> **Your assignment**: Repeat the listing exactly, minus the pictures.

Dataset section section start

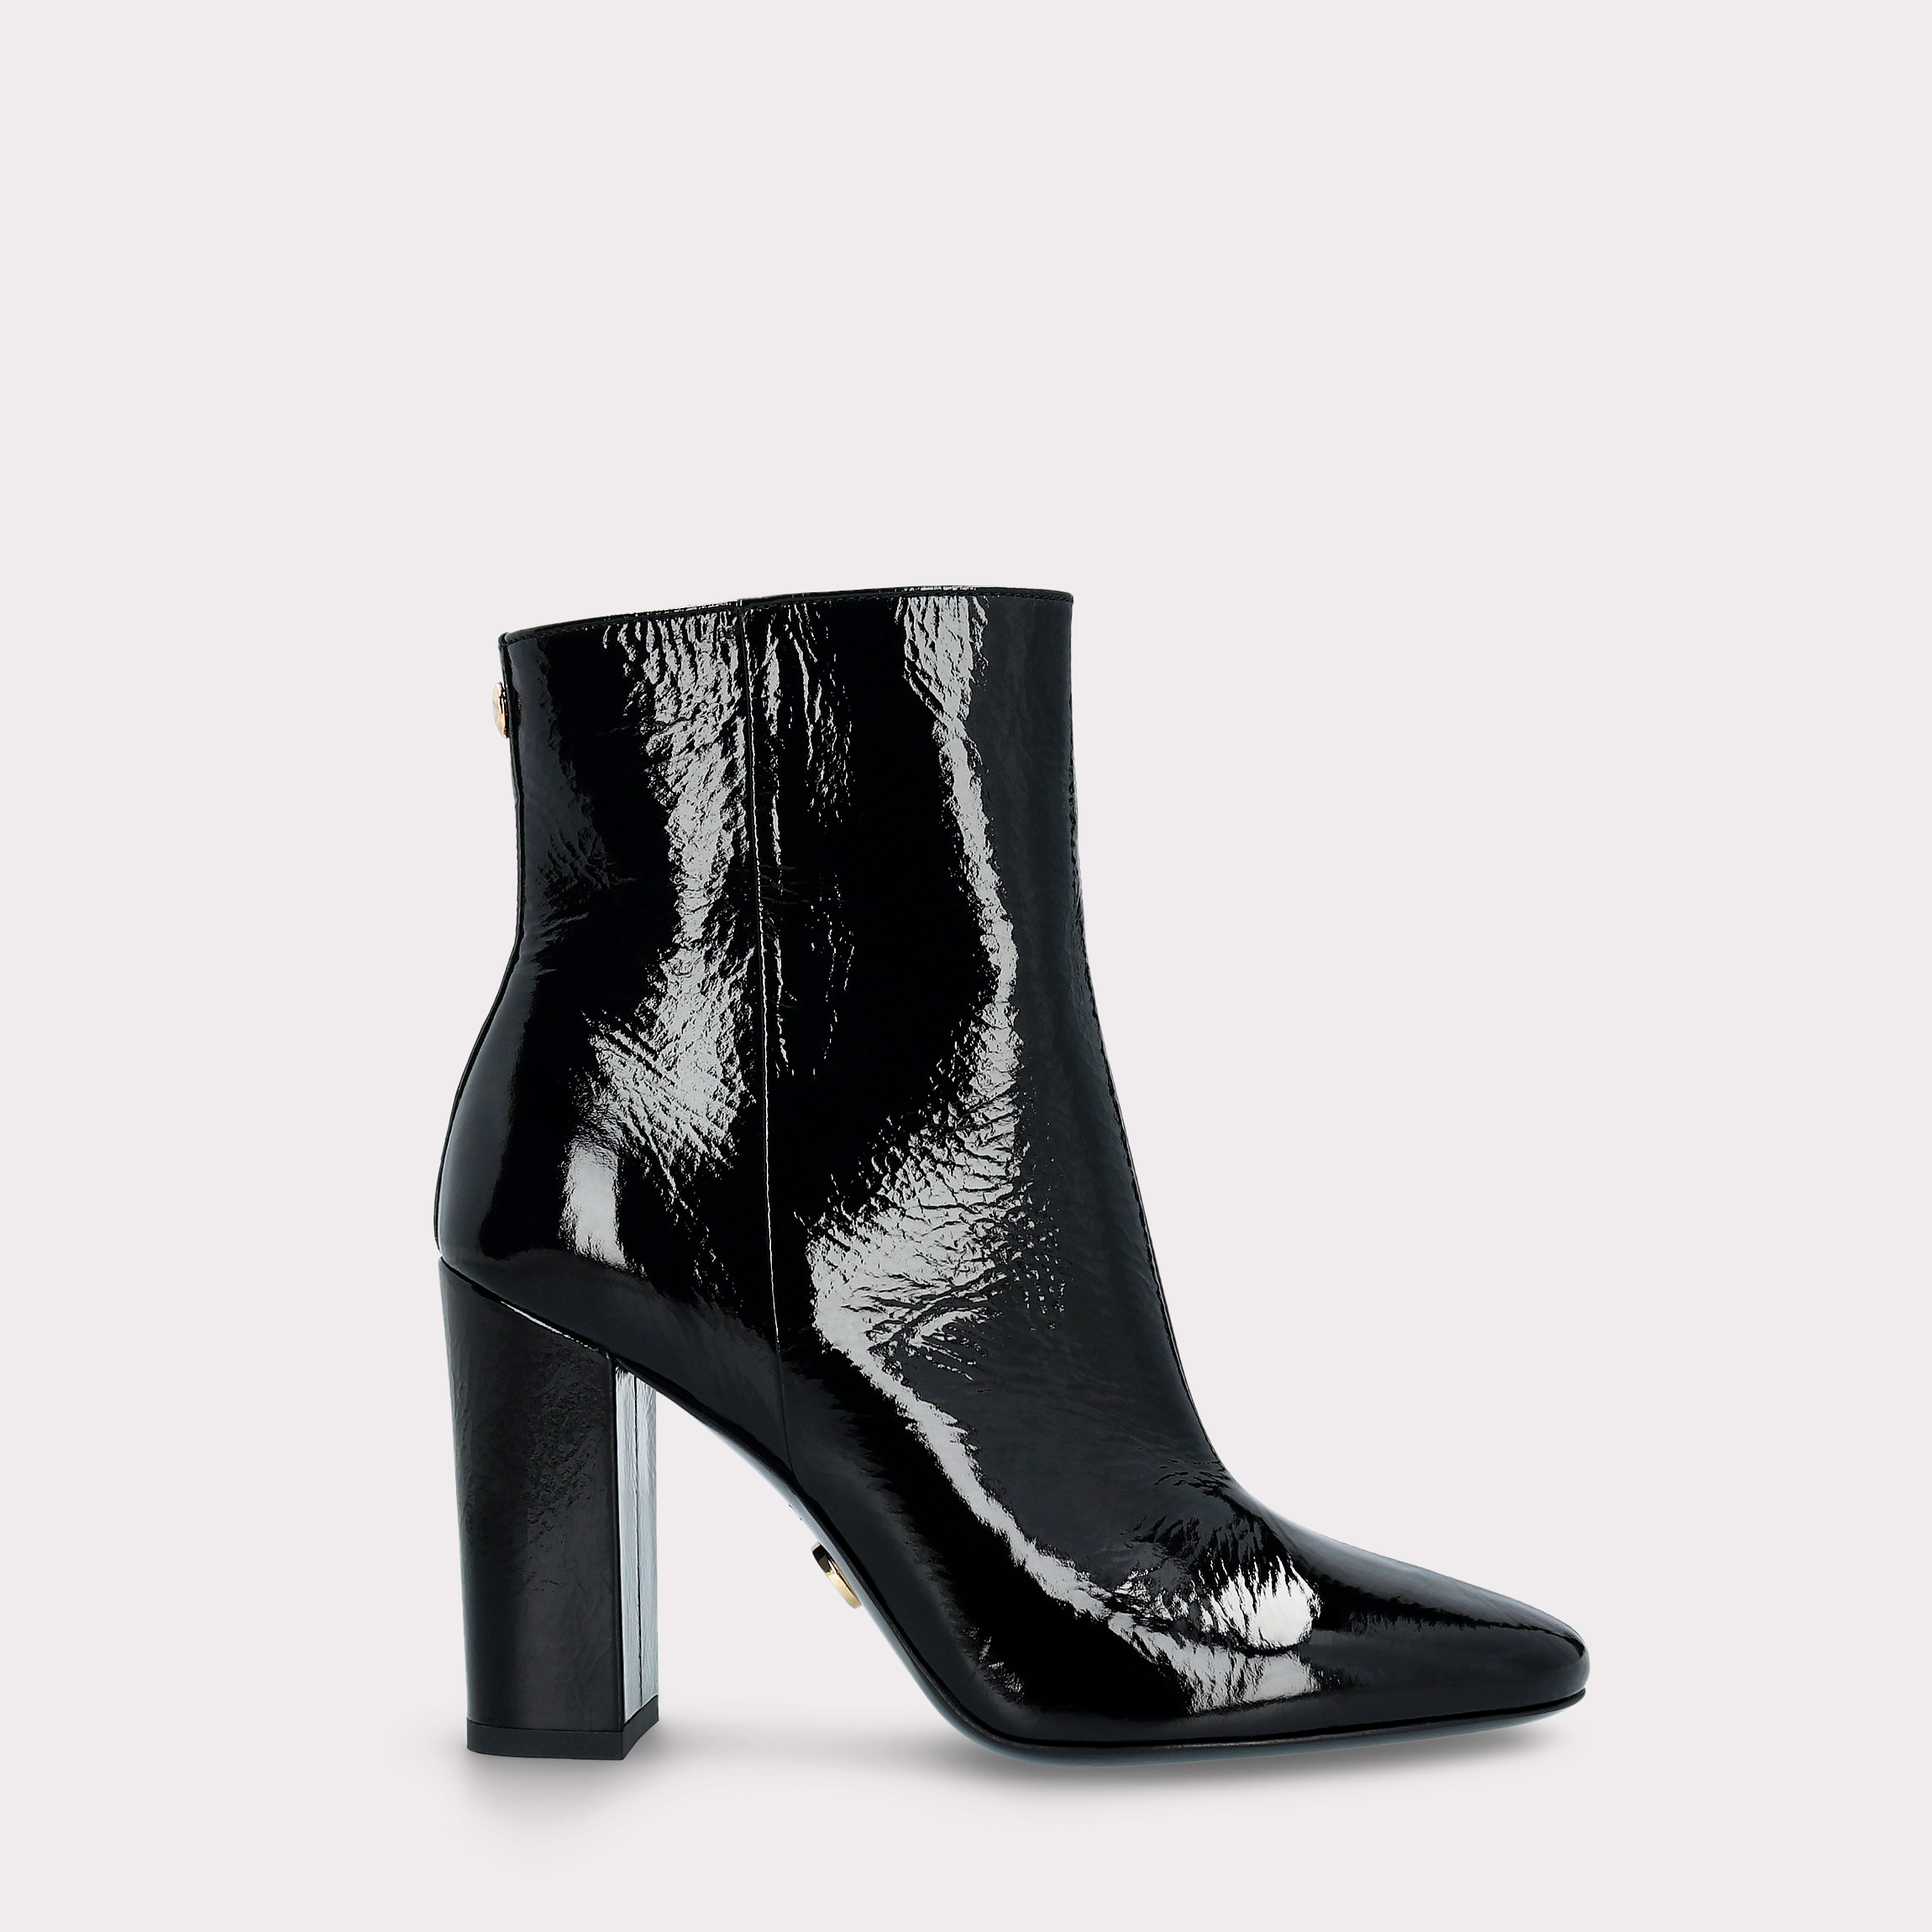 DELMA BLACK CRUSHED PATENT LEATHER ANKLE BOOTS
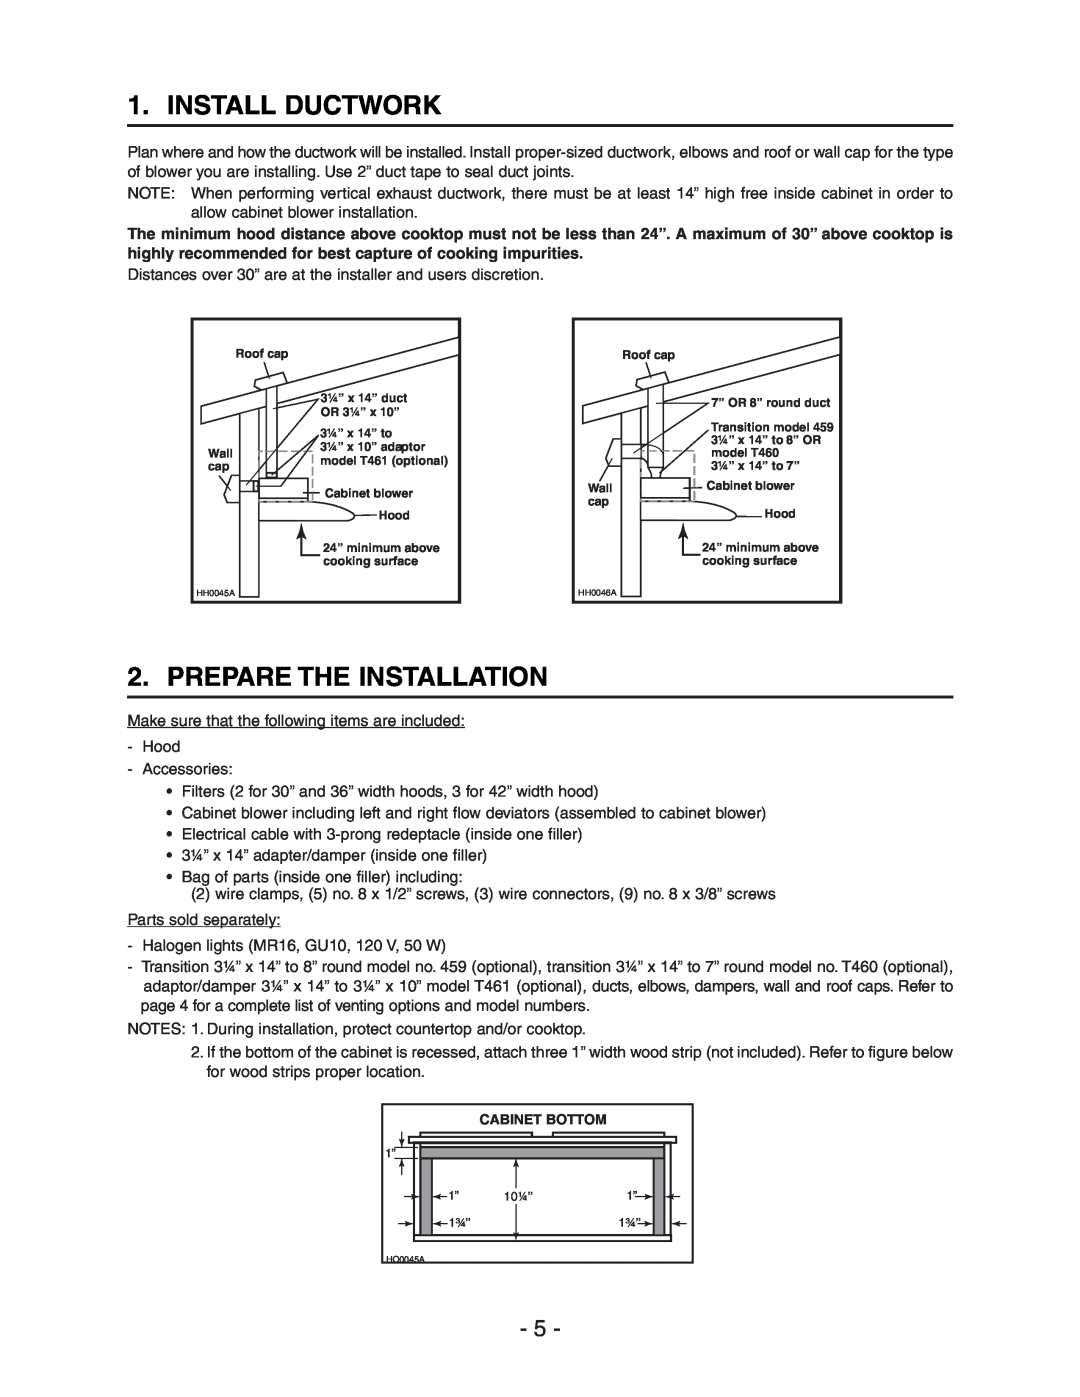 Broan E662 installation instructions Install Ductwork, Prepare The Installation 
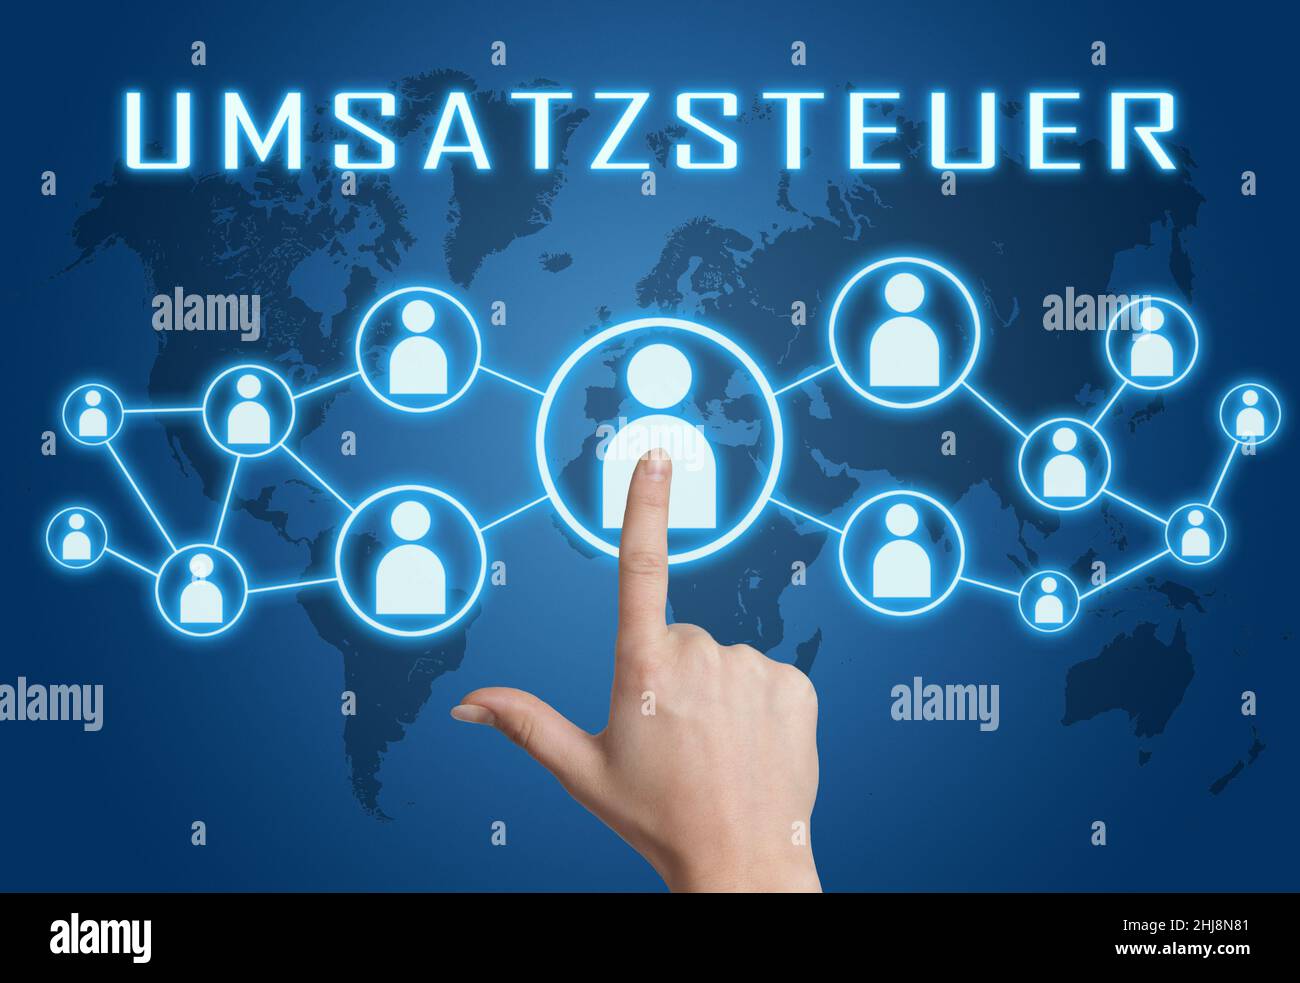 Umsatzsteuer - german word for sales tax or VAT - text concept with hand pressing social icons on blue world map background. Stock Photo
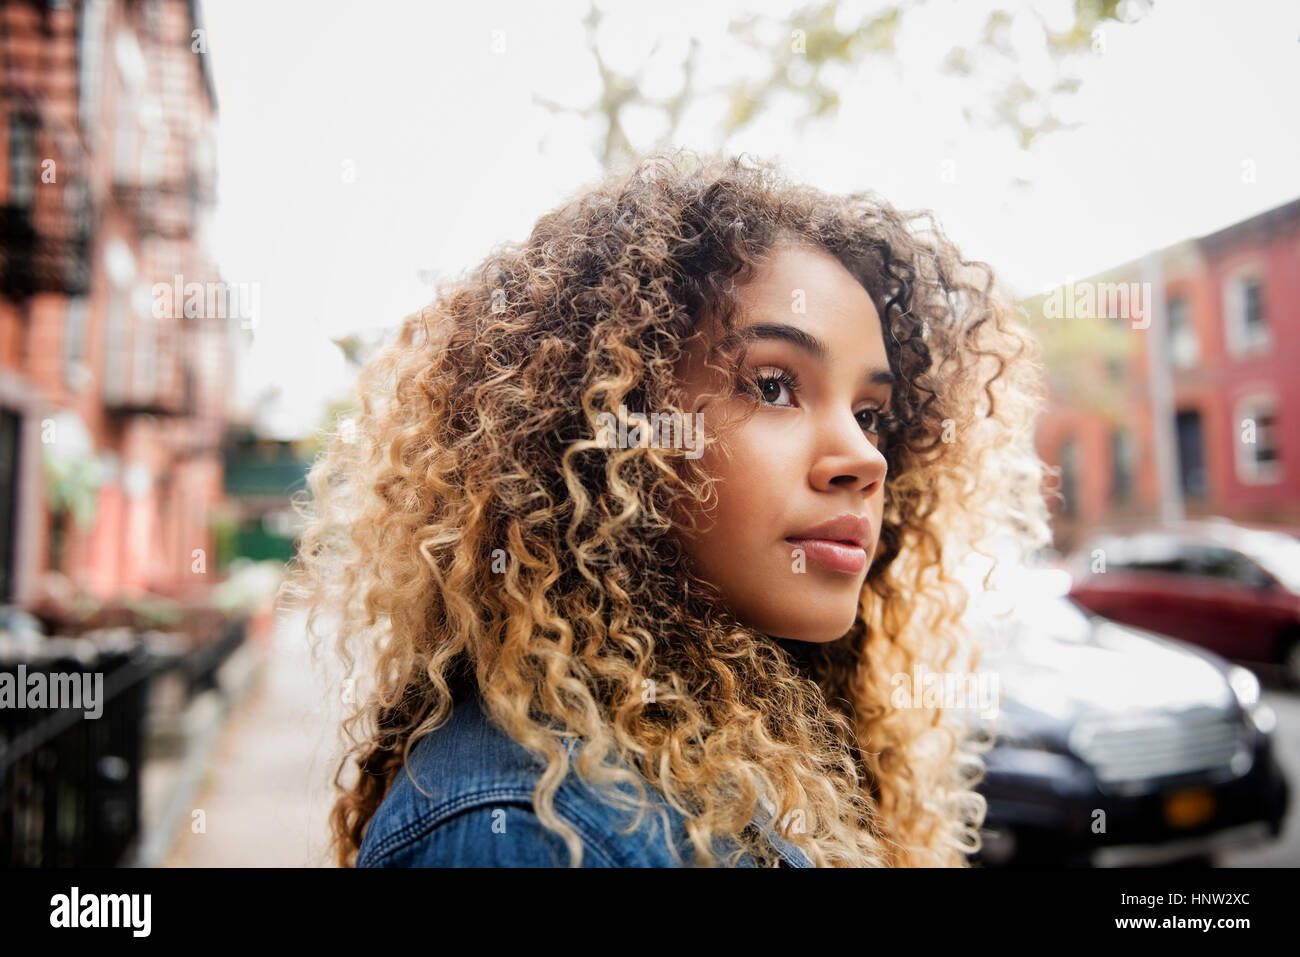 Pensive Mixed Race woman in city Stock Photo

Dataset section section end

> **Problem solution**:
 DELMA BLACK CRUSHED PATENT LEATHER ANKLE BOOTS
 Broan E662 installation instructions Install Ductwork, Prepare The Installation 
 Umsatzsteuer - german word for sales tax or VAT - text concept with hand pressing social icons on blue world map background. Stock Photo
 Pensive Mixed Race woman in city Stock Photo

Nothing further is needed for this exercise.